— Ваше величество, надзор за университетом ведется неусыпно, согласно новому уставу. Число принятых в прошлом году разночинцев уменьшено. Разве что сделано исключение для тех, кто заслужил… Для таких, как известного вам Гайловского сын…
— Вы имеете в виду агента Главного штаба?
— Да, ваше величество.
Николай привычным движением поправил концы усов.
— Хорошо, оставим это… Ты, кажется, хотел сообщить что-то?
— Новость совершенно неожиданная, ваше величество! Донесение смоленского губернатора…
Николай поморщился.
— Дмитрий Николаевич, скажу тебе откровенно: я недоволен Хмельницким. Его усердие гораздо менее моих к нему милостей. Где это видано, чтобы крепостная стена стоила двести тысяч!
— Ваше величество, грехи Хмельницкого суть следствие греховности всего нашего отечества. И все же письмо его, смею надеяться, много расположит вас к губернатору.
Николай знал: если Блудов осмелился рекомендовать чье-то донесение — значит, оно того стоило.
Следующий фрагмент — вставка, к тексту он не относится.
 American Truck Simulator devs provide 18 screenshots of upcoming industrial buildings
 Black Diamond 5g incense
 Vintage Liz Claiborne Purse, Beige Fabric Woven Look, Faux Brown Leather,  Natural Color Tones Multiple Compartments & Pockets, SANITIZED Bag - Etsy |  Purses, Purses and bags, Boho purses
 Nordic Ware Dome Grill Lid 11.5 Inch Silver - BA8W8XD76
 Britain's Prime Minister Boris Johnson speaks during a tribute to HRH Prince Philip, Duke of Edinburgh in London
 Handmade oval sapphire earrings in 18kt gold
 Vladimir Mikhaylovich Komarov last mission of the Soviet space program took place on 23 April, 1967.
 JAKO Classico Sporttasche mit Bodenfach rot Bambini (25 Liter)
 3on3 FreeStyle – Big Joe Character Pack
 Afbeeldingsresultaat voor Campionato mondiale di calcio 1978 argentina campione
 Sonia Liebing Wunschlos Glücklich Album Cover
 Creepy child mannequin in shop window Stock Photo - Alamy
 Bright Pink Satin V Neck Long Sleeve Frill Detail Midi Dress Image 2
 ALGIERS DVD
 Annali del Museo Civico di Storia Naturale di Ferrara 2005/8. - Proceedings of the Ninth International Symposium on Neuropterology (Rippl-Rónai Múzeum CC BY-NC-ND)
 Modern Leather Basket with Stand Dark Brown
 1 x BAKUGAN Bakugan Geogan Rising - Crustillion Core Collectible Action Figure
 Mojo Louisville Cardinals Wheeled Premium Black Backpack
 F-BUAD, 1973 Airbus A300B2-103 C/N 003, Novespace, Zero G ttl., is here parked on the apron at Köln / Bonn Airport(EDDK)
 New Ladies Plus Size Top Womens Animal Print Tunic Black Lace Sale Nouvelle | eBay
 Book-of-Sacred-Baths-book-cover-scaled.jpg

— Читай! — Император повернулся лицом к окну, наблюдая за знакомой фигурой полицейского, стоявшего возле караульной будки перед дворцом.
Блудов вынул письмо из папки и начал читать:
«Ваше превосходительство, сведения, о коих желаю я сообщить Вам этим письмом, ниспосланы самим провидением, в чем усматриваю я лишнее проявление любви к нашему Всемилостивейшему монарху.
Известный не только в Европе романист сир Вальтер Скотт в десятом томе „Жизни Наполеона Бонапарта…“ поместил приказ о сокрытии в Семлевском озере похищенной французом святыни Москвы, многих орудий и прочих ценностей первопрестольного града. Ныне по моему предложению поручено было строительного отряда прапорщику фон Людевичу прозондировать озеро… Он нашел в двадцати саженях от конца нынешнего берега груду неправильной формы…»
Жестом руки Николай остановил Блудова:
— Повтори, Дмитрий Николаевич, меру от берега…
— Двадцать саженей, ваше величество.
— Продолжай! — было очевидно, что Николай уже составил себе какое-то мнение о донесении Хмельницкого.
«Вероятно, сия груда имеет большое основание и в течение двадцати трех лет основательно погрузла в матером дне. Прикрепленный к багру терпуг показал неоспоримо, что означенная груда состоит из меди пушечной. Сие дает повод ожидать, что дальнейшие изыскания на Семлевском озере возвратят россиянам освященную драгоценность Кремля, а пушечный материал с избытком окупит неизбежные при оных работах издержки. Чтобы получить точное удостоверение, из чего состоит открытая фон Людевичем груда, достаточно устроить вокруг нее перемычку и отлить сифонами воду. Дело сие потребует расходов в двадцать пять тысяч рублей…»
Николай взял из рук Блудова донесение Хмельницкого, холодными глазами скользнул по последним строкам письма…
— Вижу, Дмитрий Николаевич, ты не на шутку увлекся этим сообщением. Признаться, не ожидал я от Хмельницкого такой прыти. Ну, а что тебе самому известно о Великоивановском кресте?
— Знаю, ваше величество, что в четырнадцатом году на колокольне был поставлен новый крест. В Стокгольме и Лондоне немало приходилось мне слышать упреков от французских дипломатов по поводу того, что мы не пытаемся отыскать снятый Наполеоном старый крест.
— Да, граф, весьма соблазнительную новость принес ты мне нынче. Всегда у нас так: пока француз или англичанин не надоумят, сами не додумаемся. Удобно ли будет, Дмитрий Николаевич, затевать поиски добычи без оповещения его преосвященства?
Блудов понизил голос:
— С одной стороны, ваше величество, так… Но ведь церкви немалая помощь была оказана после войны. Нынешнее же положение казны… — Блудов потупил взор, зная, как неприятен императору разговор на эту тему.
Быстрым движением пера Николай написал на донесении Хмельницкого: «Графу Толю! Назначить к изысканиям самого надежного офицера. На покрытие издержек отпустить четыре тысячи рублей. Николай».
— Быть посему, граф. Двадцать пять тысяч, что просит Хмельницкий, слишком много для почина. Да и прежние его долги еще ждут своего искупления. Передай ему, Дмитрий Николаевич, что я умею прощать старые грехи, но всегда помню их и при случае взыщу. Дай-то бог, граф, чтобы все так хорошо кончилось, как началось!
* * *
Смоленск, 21 января 1838 г.
Ровно через неделю после описанного выше разговора Блудова с императором к Хмельницкому с представлением явился следовавший проездом из Петербурга в Семлево инженер Четвериков, назначенный по повелению самого Николая к дальнейшим розыскам сокровищ Наполеона.